[[ PROVIDED MATERIAL open ]]
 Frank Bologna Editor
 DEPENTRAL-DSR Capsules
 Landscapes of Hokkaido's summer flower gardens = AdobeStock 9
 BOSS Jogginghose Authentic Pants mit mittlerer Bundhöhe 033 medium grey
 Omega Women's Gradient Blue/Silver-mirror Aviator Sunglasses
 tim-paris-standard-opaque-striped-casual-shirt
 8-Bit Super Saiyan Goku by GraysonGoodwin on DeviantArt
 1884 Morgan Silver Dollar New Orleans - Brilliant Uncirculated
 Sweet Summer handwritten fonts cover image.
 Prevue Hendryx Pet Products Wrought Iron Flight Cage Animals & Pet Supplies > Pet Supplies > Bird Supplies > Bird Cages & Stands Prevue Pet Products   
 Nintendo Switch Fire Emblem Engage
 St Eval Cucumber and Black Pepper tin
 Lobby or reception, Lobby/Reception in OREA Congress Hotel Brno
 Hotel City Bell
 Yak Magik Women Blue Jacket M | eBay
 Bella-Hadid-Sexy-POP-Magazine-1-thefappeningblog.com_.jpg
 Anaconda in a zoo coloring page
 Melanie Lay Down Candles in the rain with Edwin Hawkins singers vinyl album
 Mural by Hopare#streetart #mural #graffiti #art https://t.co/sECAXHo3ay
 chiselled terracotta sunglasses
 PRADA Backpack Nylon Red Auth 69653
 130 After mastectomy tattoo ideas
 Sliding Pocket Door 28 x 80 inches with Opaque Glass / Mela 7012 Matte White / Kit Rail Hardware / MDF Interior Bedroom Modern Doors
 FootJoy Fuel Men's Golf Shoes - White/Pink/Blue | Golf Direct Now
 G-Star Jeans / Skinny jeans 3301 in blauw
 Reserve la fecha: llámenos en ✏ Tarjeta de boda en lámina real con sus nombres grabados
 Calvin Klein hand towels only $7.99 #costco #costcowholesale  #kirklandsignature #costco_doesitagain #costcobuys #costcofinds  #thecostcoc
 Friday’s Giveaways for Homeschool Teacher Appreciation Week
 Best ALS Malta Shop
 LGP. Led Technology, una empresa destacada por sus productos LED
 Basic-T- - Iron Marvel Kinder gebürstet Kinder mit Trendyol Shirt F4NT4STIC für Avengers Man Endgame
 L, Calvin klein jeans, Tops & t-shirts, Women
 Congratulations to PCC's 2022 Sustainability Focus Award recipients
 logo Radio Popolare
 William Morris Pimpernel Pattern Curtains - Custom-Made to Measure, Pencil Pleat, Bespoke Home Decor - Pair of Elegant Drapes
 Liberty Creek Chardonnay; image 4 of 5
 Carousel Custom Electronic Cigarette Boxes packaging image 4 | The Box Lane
[[ PROVIDED MATERIAL closed ]]
- **REQUIREMENT**: Everything above from the line containing "Reserve la fecha: llámenos" down to the line containing "LGP. Led Technology, una" is to be transcribed exactly, with both of those lines included and nothing else added.

- **EXPECTED OUTPUT**:
 Reserve la fecha: llámenos en ✏ Tarjeta de boda en lámina real con sus nombres grabados
 Calvin Klein hand towels only $7.99 #costco #costcowholesale  #kirklandsignature #costco_doesitagain #costcobuys #costcofinds  #thecostcoc
 Friday’s Giveaways for Homeschool Teacher Appreciation Week
 Best ALS Malta Shop
 LGP. Led Technology, una empresa destacada por sus productos LED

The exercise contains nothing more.